# (H) Garrosh [EU] - Frauengilde sucht Mitglieder



## Nylii (22. Januar 2011)

Hallo liebe Community,

Ich habe mal an die Garrosh[EU] - Spieler eine Frage. Gibt es auf dem Server eine reine Frauengilde ? Wenn das zutrifft und ein Mitglied dieser Gilde o.ä dies liest möge er/sie mir doch bitte eine Nachricht schreiben  Bedanke mich schon mal im Vorraus. Und alle Frauengilde - Gegner : Erspart euch bitte eure Kommentare, ich will dadurch niemanden provozieren oder hier eine sinnlose Disskusion in Bewegung setzen. Vielen Dank nochmal an diejenigen die mir antworten  

Und wenn es keine bekannte Frauengilde auf Garrosh gibt wäre meine nächste Frage (an die Frauen) ob es jemanden gibt der an einer Gründung so einer Gilde Interesse hätte. Aus welchen Gründen auch immer. Wenn jemand Fragen hat wie das ganze dann aussehen soll oder ähnlichem, nur zu , ihr könnt gerne fragen  

Wenn es also Frauen unter euch gibt auf Garrosh, die sich das vorstellen können, dann meldet euch bei mir  Gerne auch ingame bei Tassina . 

LG und Viel Spaß noch Nylii


----------



## Nylii (25. Januar 2011)

So kleines Update : 

Die Frauengilde auf Garrosh hat nun einen Namen...


<WTF Angelz>


Sinn der Gilde ist es, das einzig und allein Frauen in der Gilde sind. Warum?Damit wir Frauen der Männerwelt auch mal zeigen können dass wir ohne sie in dem Spiel auch was erreichen. Es keine Autoritätsprobleme gibt. Und ich denke (trifft auf mich zumindest zu), dass wir uns einfach besser entfalten können im Ts. 

Was viele sich bestimmt nun denken werden ist: "Das endet doch im Zickenkrieg!". Kann ich verstehen, aber ich werde als GM alles versuchen, dass es nicht so endet. Wenn sich *Mitglieder* gefunden haben, wird es einen *Rat* geben, der sich, mit mir, den *Problemen* widmet und ich hoffe das alle von uns *Kritikfähig* sind und nicht gleich bei dem kleinsten "Problemchen" total ausrasten  Ich wünsche mir einfach dass es eine *lustige Runde* (in welcher Größe auch immer) sein wird, mit der man sich gut unterhalten kann , spaß am Spiel und der Gemeinde hat und dann auch Erfolg haben wird. 

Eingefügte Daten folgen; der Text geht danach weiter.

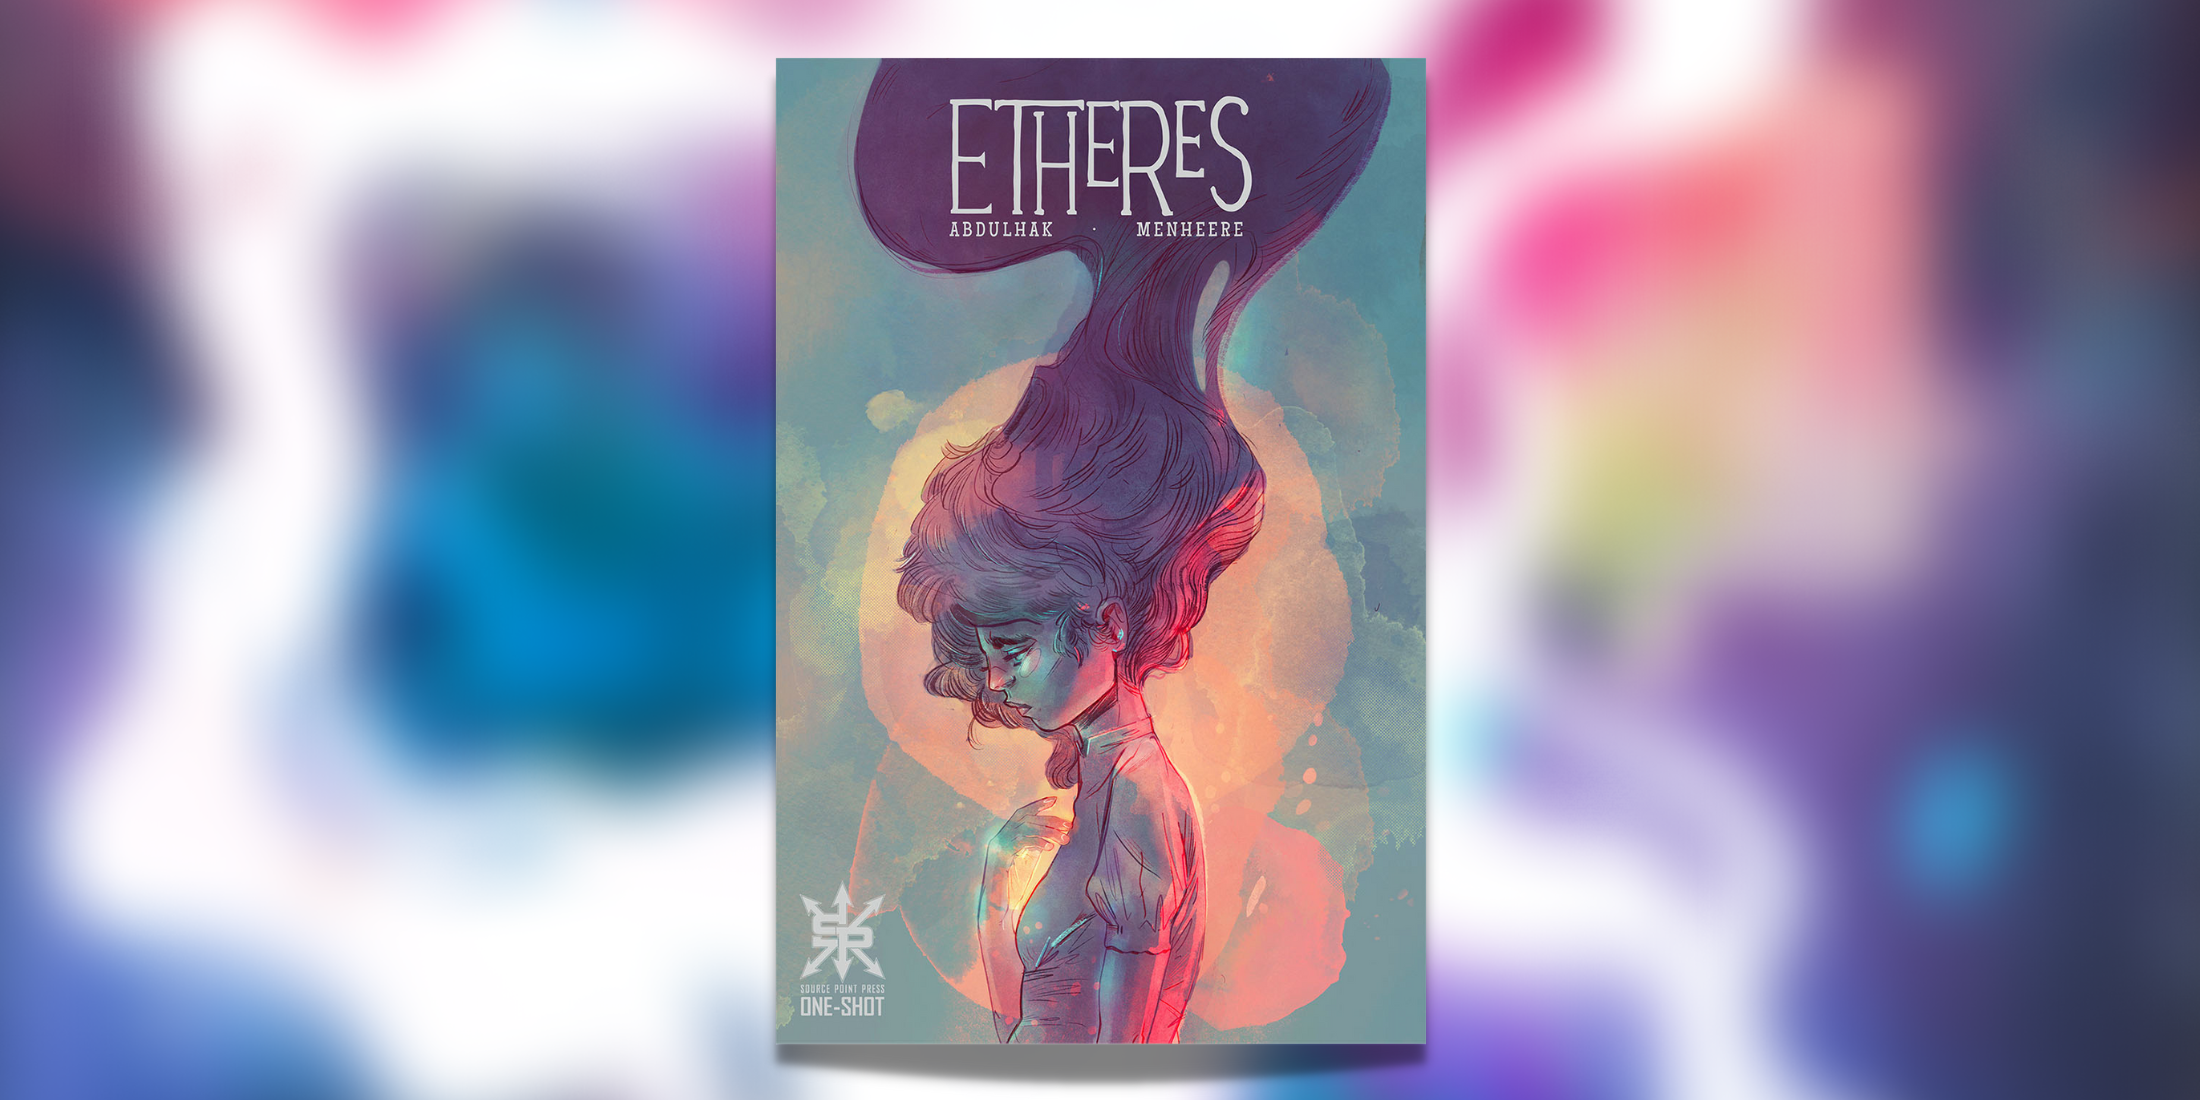 Etheres Review: The Most Important Story Told This Year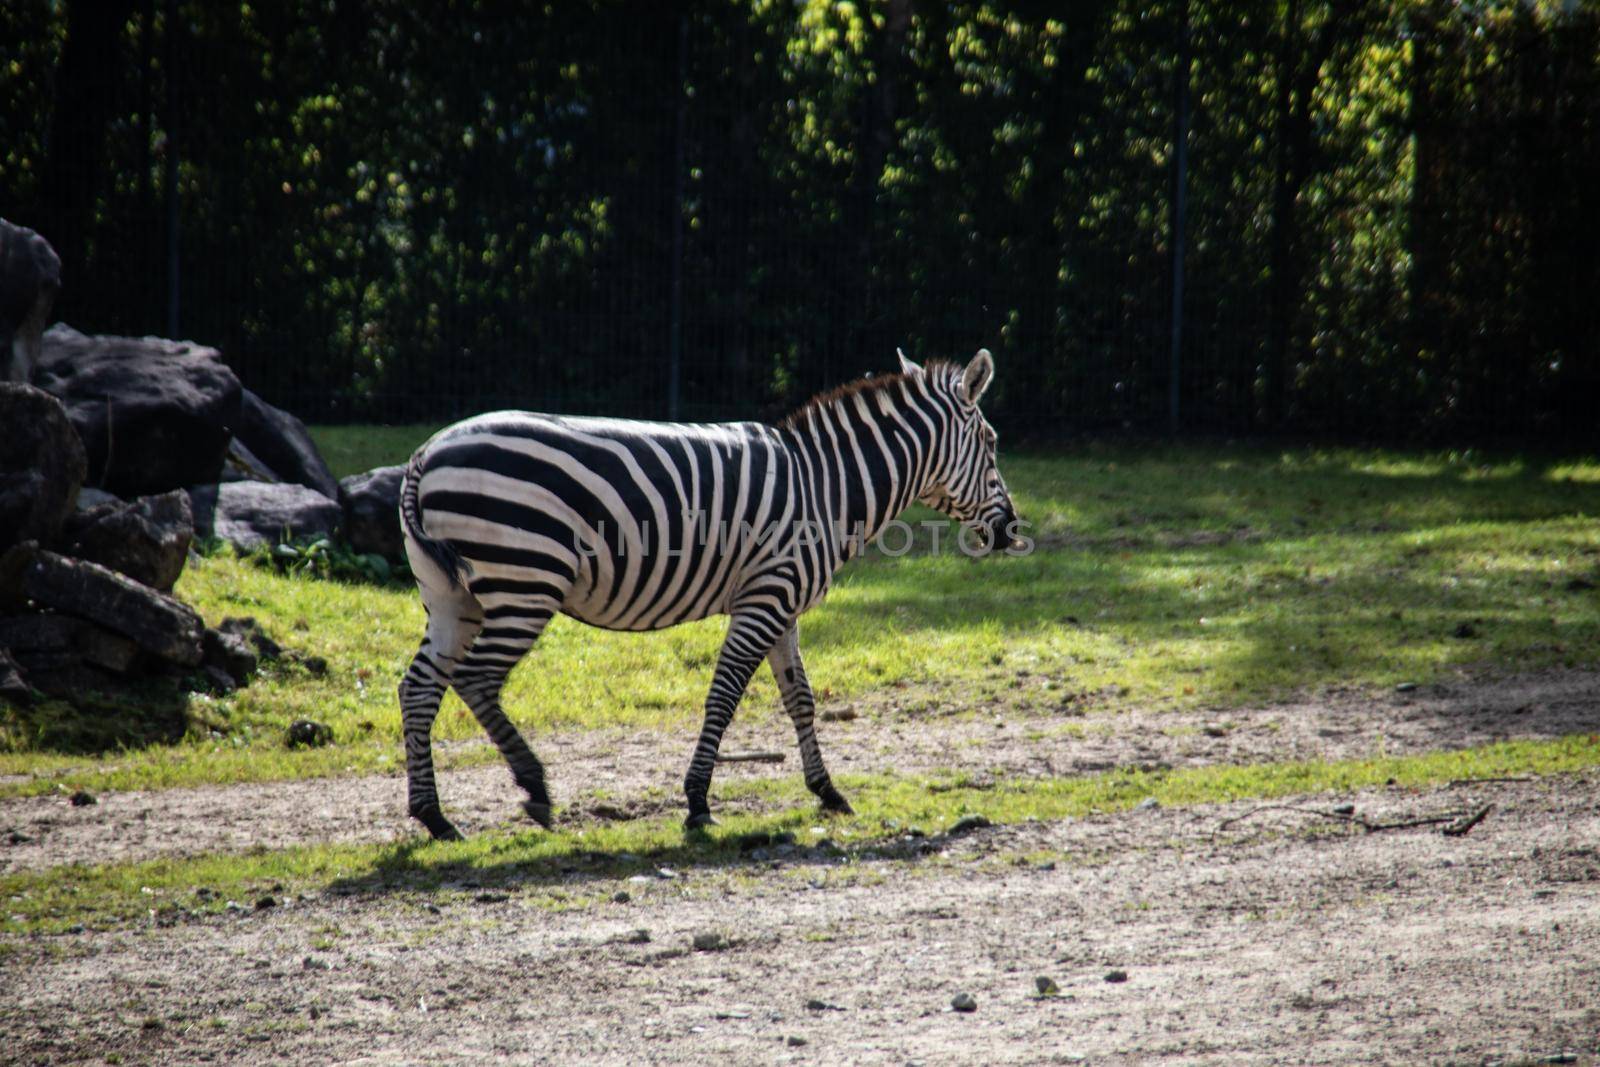 Zebra is in the park looking for food

Ob nun _PvE , PvP , Raids oder einfach nur so Just 4 Fun_ kann ich nicht sagen, aber es soll alles vertreten sein. Wir wollen auf jeden Fall einen *10er Raid* aufbauen und dafür suchen wir mommentan noch alles. Habt keine Scheu euch bei mir zu melden. Ob nun um etwas zu Fragen oder beizutreten. Vielleicht sogar auch nur um Kritik auszusprechen. Dafür gibt es ja den Button "Antworten" auch  

Ich hoffe ich konnte die Sache hiermit verdeutlichen. *Meldet euch bei Interesse* 

Server: Garrosh
InGame: Tassina / Lalia


Lg und viel Spass beim Foren - Surfen weiterhin


----------



## Nylii (1. Februar 2011)

/push...

Und wir suchen immernoch Frauen, die Interesse an einer Frauengilde haben, um den Männern zu zeigen dass wir ohne sie auch erfolgreich sein können. Unsere Devise: Gemeinsam stark werden und wachsen  Also meldet euch! Achso ihr könnt euch ingame auch bei Lalia melden.

LG Tassina & Lalia 

Ps: Unsere Homepage vorerst http://wtf-angelz.de.tl/


----------



## Nylii (9. Februar 2011)

/push


----------



## Nylii (16. Februar 2011)

/push

Wir suchen noch AKTIVE Frauen. Klasse und Level egal. 

LG Lalia


----------



## RedShirt (16. Februar 2011)

You're a pushy one.

Who likes pushy girls?


----------